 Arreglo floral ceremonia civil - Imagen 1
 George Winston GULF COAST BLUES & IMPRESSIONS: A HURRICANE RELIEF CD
┄┄┄┄┄┄┄┄┄┄┄┄┄┄┄┄┄┄┄┄
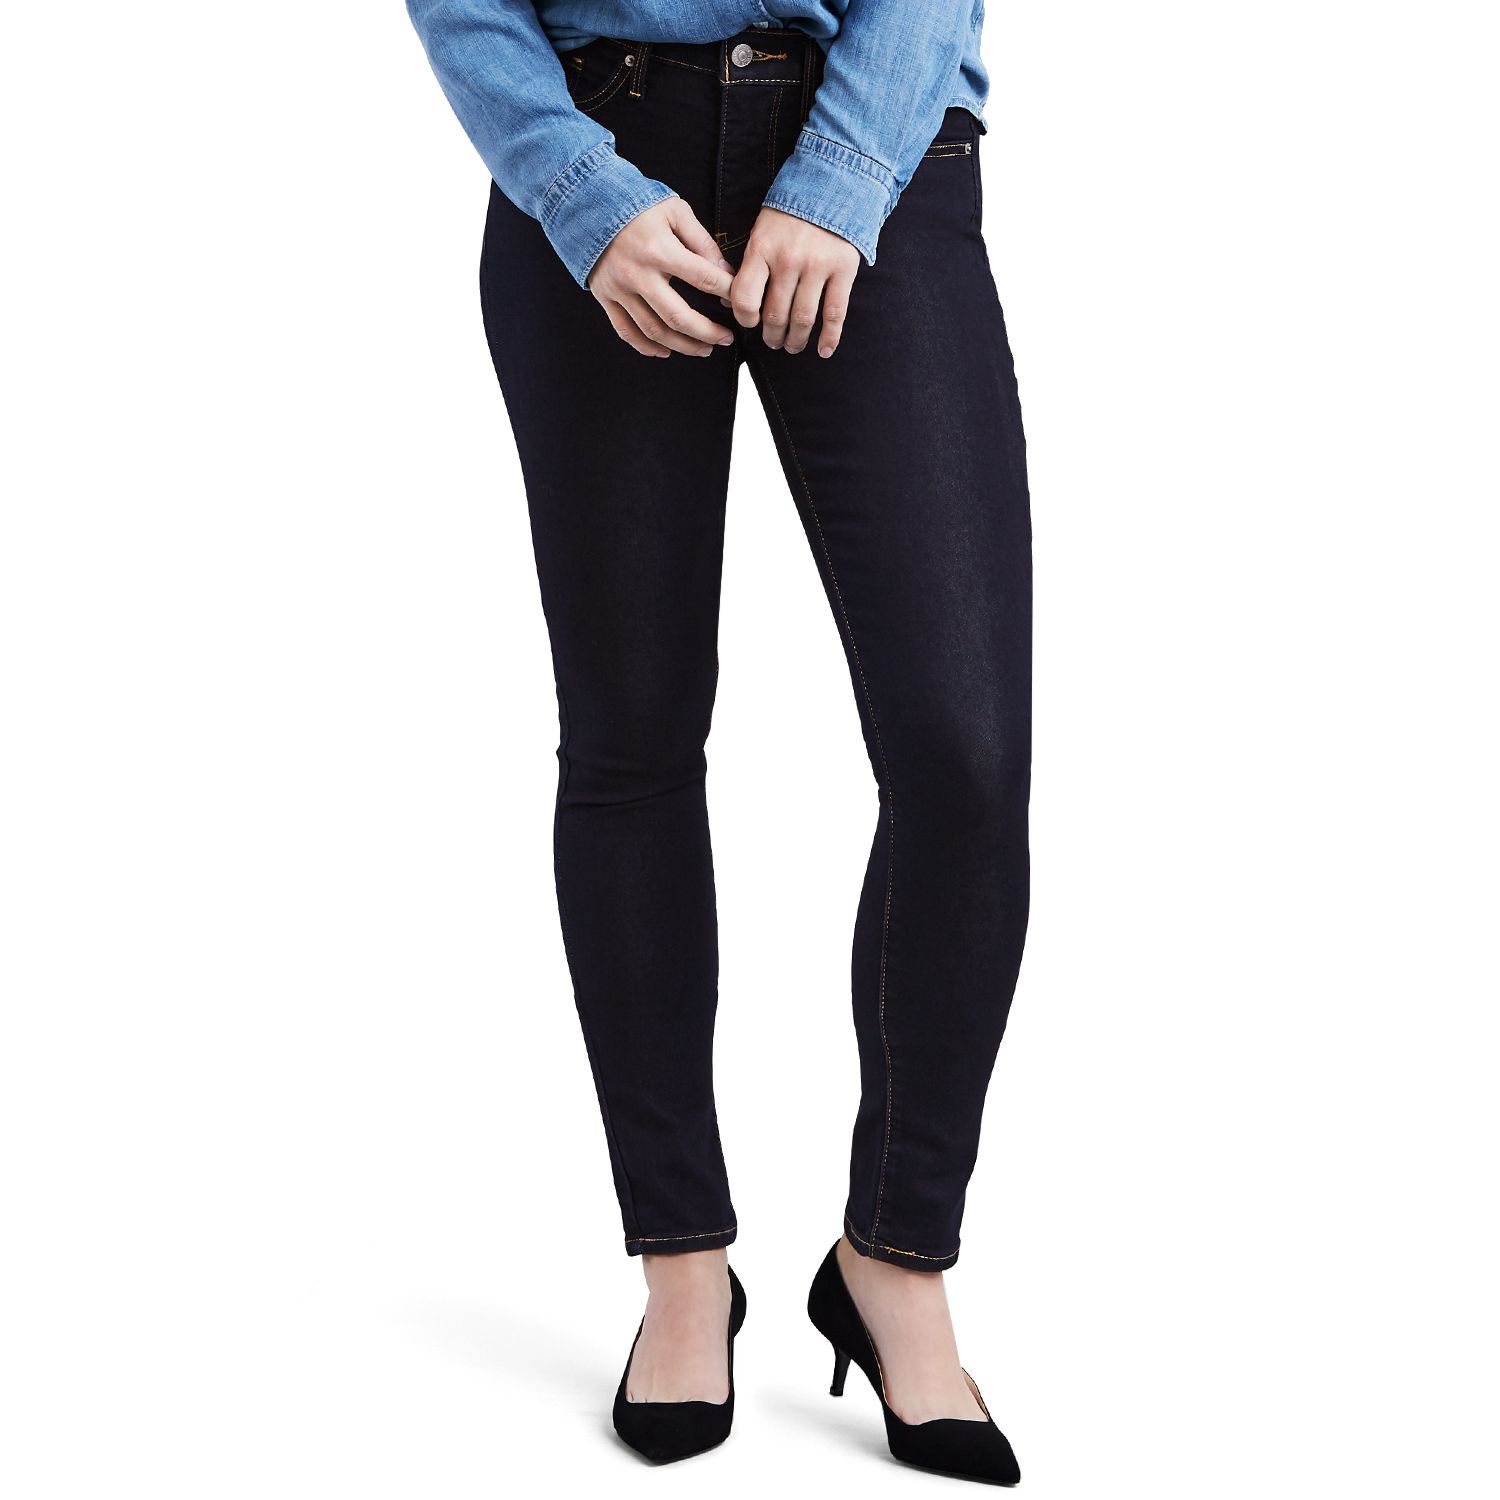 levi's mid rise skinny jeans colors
┄┄┄┄┄┄┄┄┄┄┄┄┄┄┄┄┄┄┄┄
■ What the task asks ■
Reproduce exactly the section above that begins at the line containing "Arreglo floral ceremonia civil - Imagen 1" and ends at the line containing "George Winston GULF", leaving out all other lines.

■ Solution for this task ■
 Arreglo floral ceremonia civil - Imagen 1
 George Winston GULF COAST BLUES & IMPRESSIONS: A HURRICANE RELIEF CD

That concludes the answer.